Defendant’s answer, after admitting the formal allegations of plaintiff’s petition, denied that it was any part of plaintiff’s duty to work around or about the switching of the cars at Arbyrd as alleged in plaintiff’s petition; denied that it.was any part of plaintiff’s duty to assist the brakeman in making connections or to see that the couplings were made or to cut loose or spot cars; denied that the brakeman had any authority to direct plaintiff to do any such work; and alleged the facts to be that if plaintiff undertook to do the matters and things alleged in his petition in coupling the cars, or if plaintiff • undertook to receive directions from a brakeman, that such was outside of his employment and a wholly voluntary act and done without any authority from defendant or any person authorized by it, and if plaintiff had been doing said work or assisting in coupling cars and spotting cars as alleged in his petition it was without the knowledge or consent of defendant, and that defendant’s brakeman had no authority to direct or instruct plaintiff to do said work so alleged in the petition, and that if plaintiff undertook to do the same it was outside of his employment and a wholly voluntary act on his part, for which defendant is not liable. Defendant further pleaded plaintiff’s contributory negligence.

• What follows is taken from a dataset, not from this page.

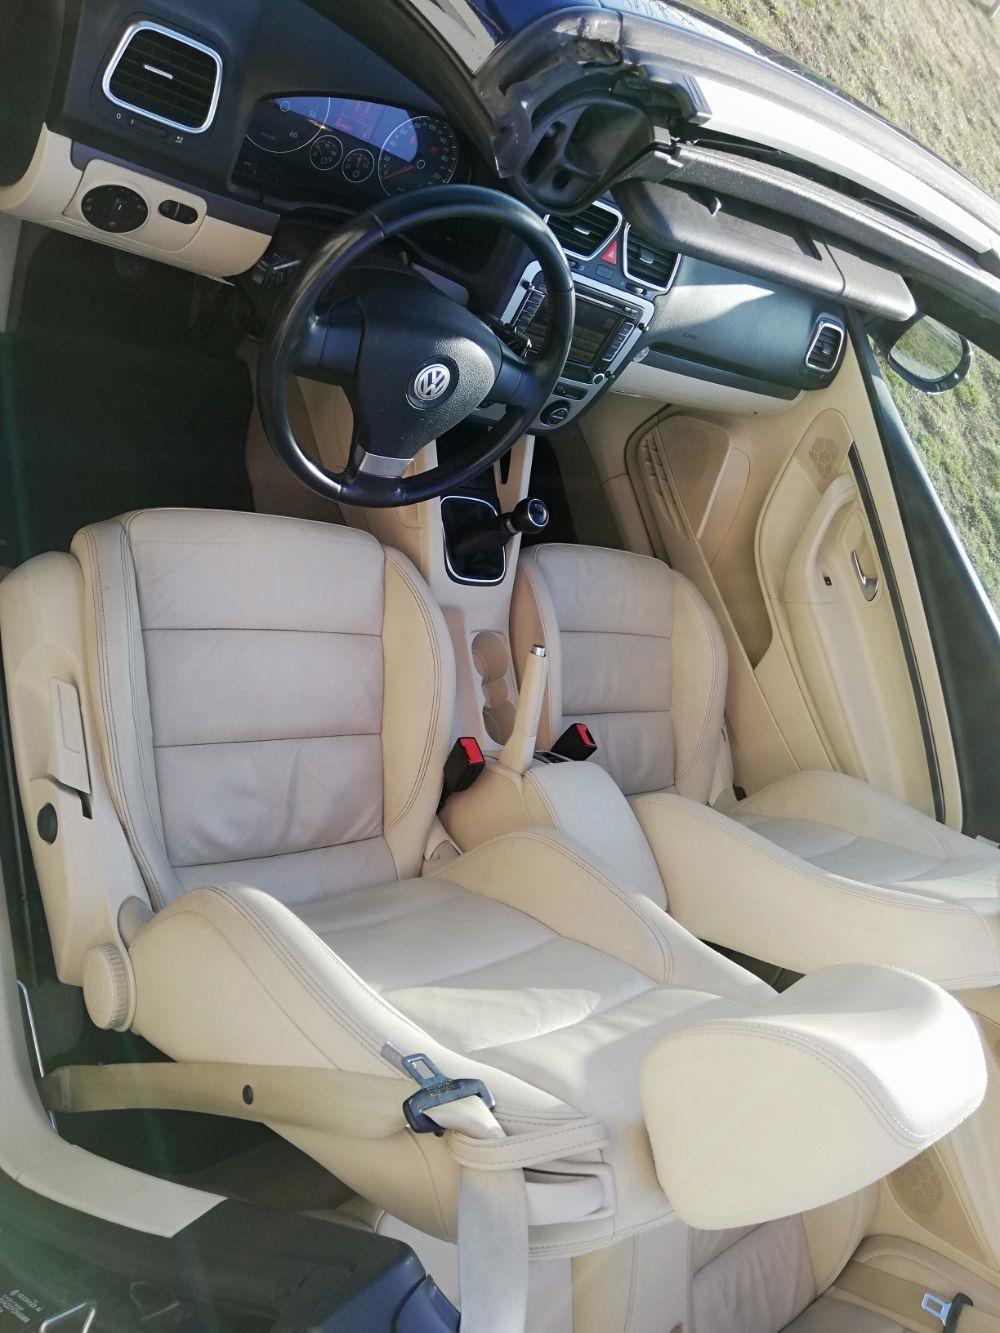 VW Eos 2.0 TDI HIGHLINE  - imagine 5

Plaintiff’s reply was in the nature of a general denial.

I. Appellant’s first and second assignments of error are'that the trial court erred in refusing defendant’s peremptory instruction offered at the close of plaintiff’s case and again at the close of the whole case. The case was submitted solely under the humanitarian rule. In support of these assignments of error appellant says that “the evidence most favorable to the plaintiff shows that from the position of Brakeman Crass the latter coBld not see plaintiff when he started to couple the cars after he reached a point as close as three feet to the car; and that ordinarily the coupling was effected without going between the cars by means of a safety appliance device which could ordinarily be operated without going between the cars.”

*1189 Defendant’s main track at Arbyrd ran north and south, and the main track of the St. Louis Southwestern Railway Company ran east and west, these two main tracks being connected by a wye or connecting track extending in a southwesterly direction from a point on defendant’s main track north of the'station jointly maintained at the intersection of said two main tracks to a point on the main track of the St. Louis Southwestern Railway Company west of said station. According to plaintiff’s testimony defendant’s north-bound local freight train reached Arbj'rd about 3:24 in the afternoon of October 4, 1921. It carried a full crew, consisting of a conductor, engineer, fireman and two brakemen. When the train stopped plaintiff handed defendant’s conductor a switch list, which the conductor handed to Bill Crass, the hind brakeman. The switch list directed that a car be spotted at the seed house of the Arbyrd Gin Company, another at the cotton platform, and the last ear on the transfer or connecting track was to be picked up. Two cotton gins and two cotton platforms, besides other buildings, were located along the wye or transfer track, and after delivering the switch list plaintiff went over to the transfer track to see that the cars were spotted as directed.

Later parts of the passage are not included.